Protesters and their "Wall of Shame" sign

Dinner itself was good. The menu boasted all kinds of delicious items we would recognize from home, and was actually the only menu I had seen where everything in English was spelled accurately and in terms we would use ourselves, aka it didn’t feel like I was reading something that was translated. We ordered fried zucchini to start, and I had a burger with fries while Todd had something called village chicken. The drinks from the bar were fruity and tasty, but not very well balanced, which was disappointing. For dessert, we had the brownie a la mode, which was dry and hard, but the ice cream was good.
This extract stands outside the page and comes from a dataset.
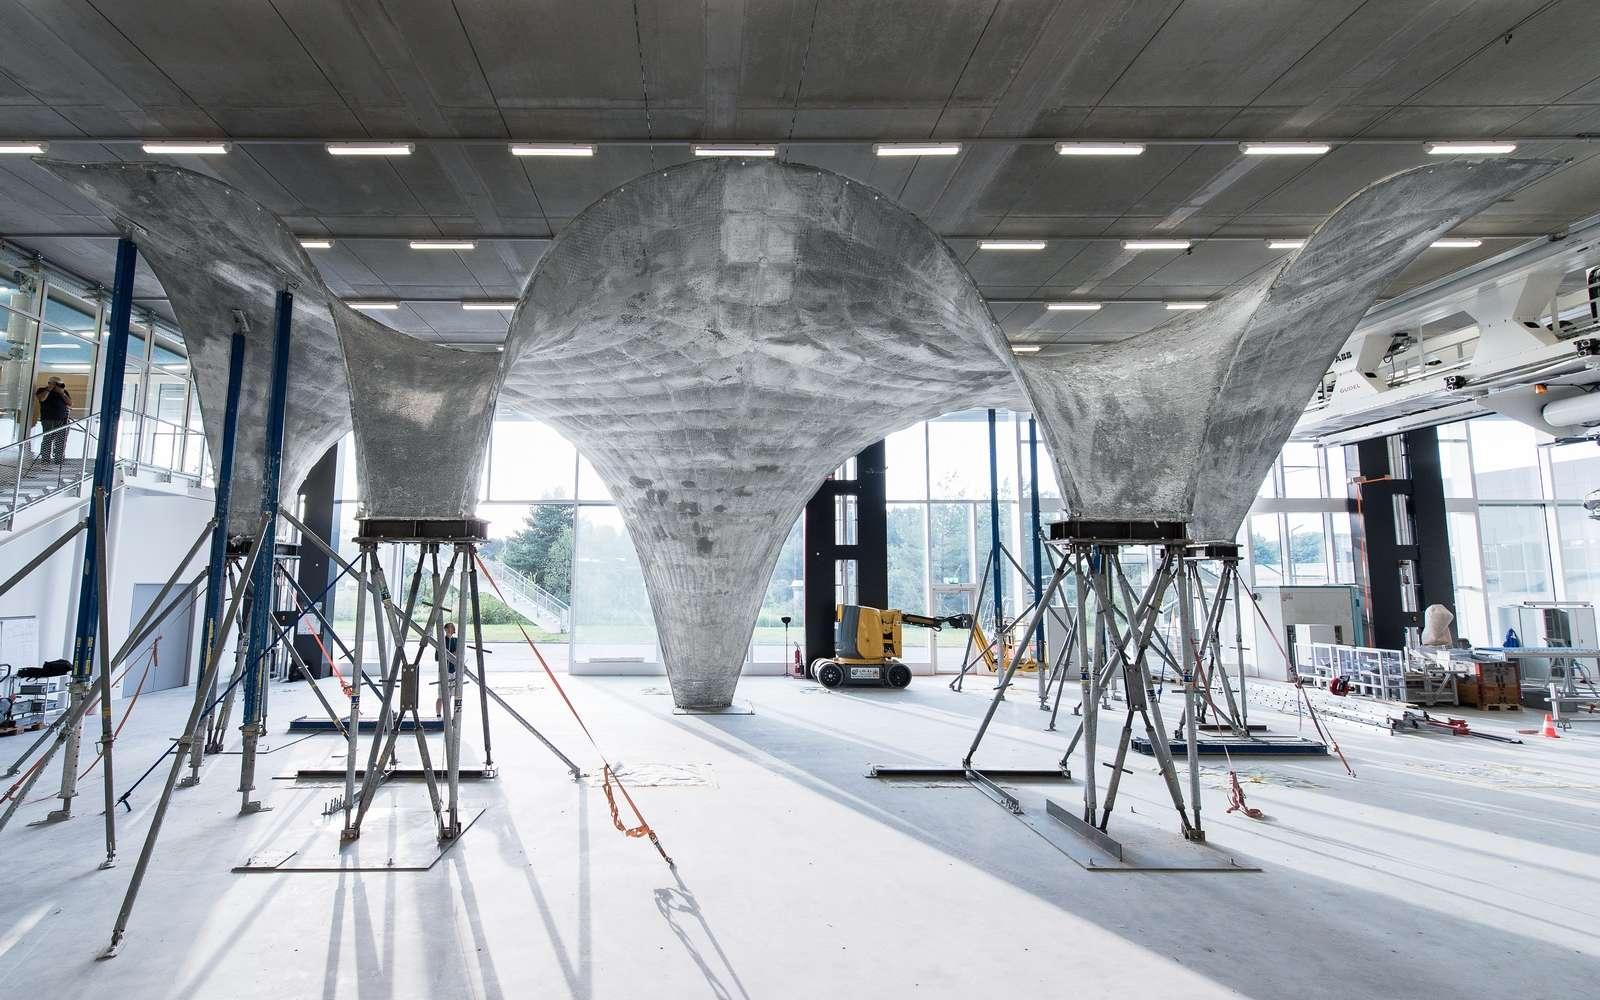 Le prototype de toit en béton créé par l'ETH Zurich sera refabriqué à l'identique sur le toit de l'immeuble du laboratoire NEST à Dübendorf (Suisse). © Block Research Group, ETH Zurich, Michael Lyrenmann

The service was the most Americanized as well (I think the owner may be American?), and it was the first time a server actually introduced himself to us (Hi, my name is Carlos and I will be taking care of you this evening) and they waited until we both were finished eating to take the plates away. I have noticed this is something that never happens elsewhere here…they always remove your plate right when you finish eating, even if everyone else is not finished. When I was a server, we were trained to never do this unless the table was overly crowded for space. The owner (we think…or manager?) came over to our table to make sure everything was ok, and brought us our drinks when our server fell behind because he had an enormous party of 10+ people sit down after us, and a full section on top of that. But the atmosphere was overall great, and the food was good, with a diverse international menu.

My drink was called a Beached Eskimo

Since the municipality event was still going on, we walked around the square and saw some of the items for sale at vendor tables, but headed back to the hotel for an early night.


  1. I'm impressed at your adventurous spirit in the water park as I KNOW how much you do not like water. Sounds like a very fun day...I remember acqualandia and it was cool, but not THAT cool!